Да, в самом деле: кто же? Ещё бы не важно.
Свечин любезно:
– Открою, что слышал, только конфиденциально. Могли бы поставить, конечно, любого остолопа, но кандидатуры, по слухам, обсуждаются такие: Головин или Рузский.
Головина?.. Неужели подымут? Нашего?..
Гучков насадил пенсне. Оно заблестело повеселей:
– Головин – это бы замечательно.
Для Воротынцева каждое слово Гучкова шло по другому разбору: замечательно? А – для чего? В каком смысле?
– Корпусами смело будет двигать, – предсказал. – А сам будет двигаться очень осмотрительно. Он сильно изменился, господа. Он там у нас сейчас, генкварт Девятой. Он всегда должен действовать с дозволения начальства, иначе его способности как бы подавлены.
– И надолго это? – спрашивал Гучков очень заинтересованно. – А вы, Георгий Михалыч, в этом случае как? Не попытаетесь вернуться в Ставку?
Догадался… Воротынцев энергично потёр щётку бороды, выражая глазами больше, чем словами:
– Во-первых, захочет ли Головин? И – он ли ещё будет? Во-вторых, окажется потом недоволен Алексеев. А в-третьих – нужен ли я там, Александр Иваныч? Там ли я нужен? Как это правильно понять?
И смотрел на Гучкова с ожиданием и надеждой.
– Рузский? – перебирал тот как своих подчинённых. – Вяловат.
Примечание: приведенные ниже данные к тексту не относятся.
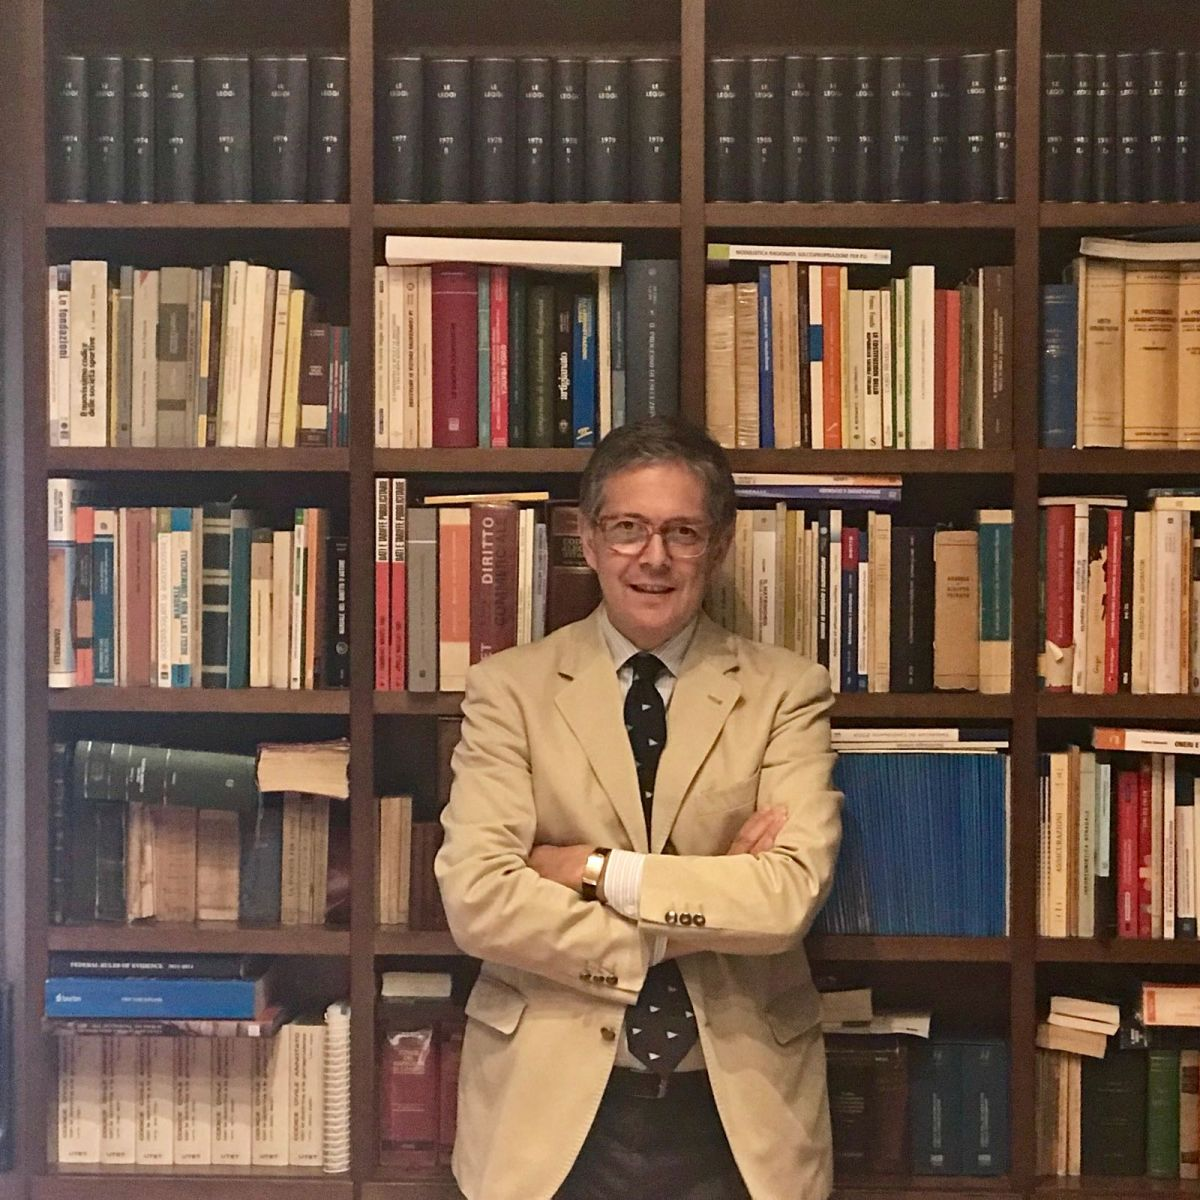 avv. Simone Trivelli, avv. Romolo Reboa, avv. Reboa, Romolo Reboa, Reboa, Romolo, Ingiustizia la PAROLA al POPOLO, la PAROLA al POPOLO

И слишком эгоист. А – кто ещё может быть?
Покинуло Гучкова бездеятельно-грустное, гражданско-домашнее выражение. Собрался он, поживел. Сосредоточился.
– Да что ж вы не курите, господа? Вероятно ведь курить хотите.
А у них обоих давно пальцы чесались, но щадили Гучкова. Теперь Свечин дотянулся форточку открыть. Задымили, Свечин трубку. Развалились.
Гучков тщательно прошёл тугой крахмальной салфеткой по губам, вокруг губ, под усами, по верху бороды. Отложил.
Поднялся. С рукой за бортом сюртука походил, едва заметно прихрамывая, по небольшому пространству, несколько шагов тут было. Он на глазах твердел и даже молодел.
Снова сел. Руки собрал в замок перед собой.
– Господа. Надеюсь, я могу рассчитывать на ваше молчание во всех случаях? Возьму с вас слово чести?
Да, конечно, разумеется.
И – чуть задорно голову назад, знаменитый дуэлянт. Седина у него только чуть прорисовалась – по переду бобрика и по краям бороды.
– Господа, я не вижу препятствий поделиться с вами соображениями, чтó ещё не упущено… совершить.
Так! Дождался Воротынцев часа своего! Не опоздал. Был здесь.
Гучков больше на него и смотрел.
С сознанием своей славы и власти в этой стране.
И с огоньком того риска, той вечной потребности в риске, что вела его черезо всю жизнь.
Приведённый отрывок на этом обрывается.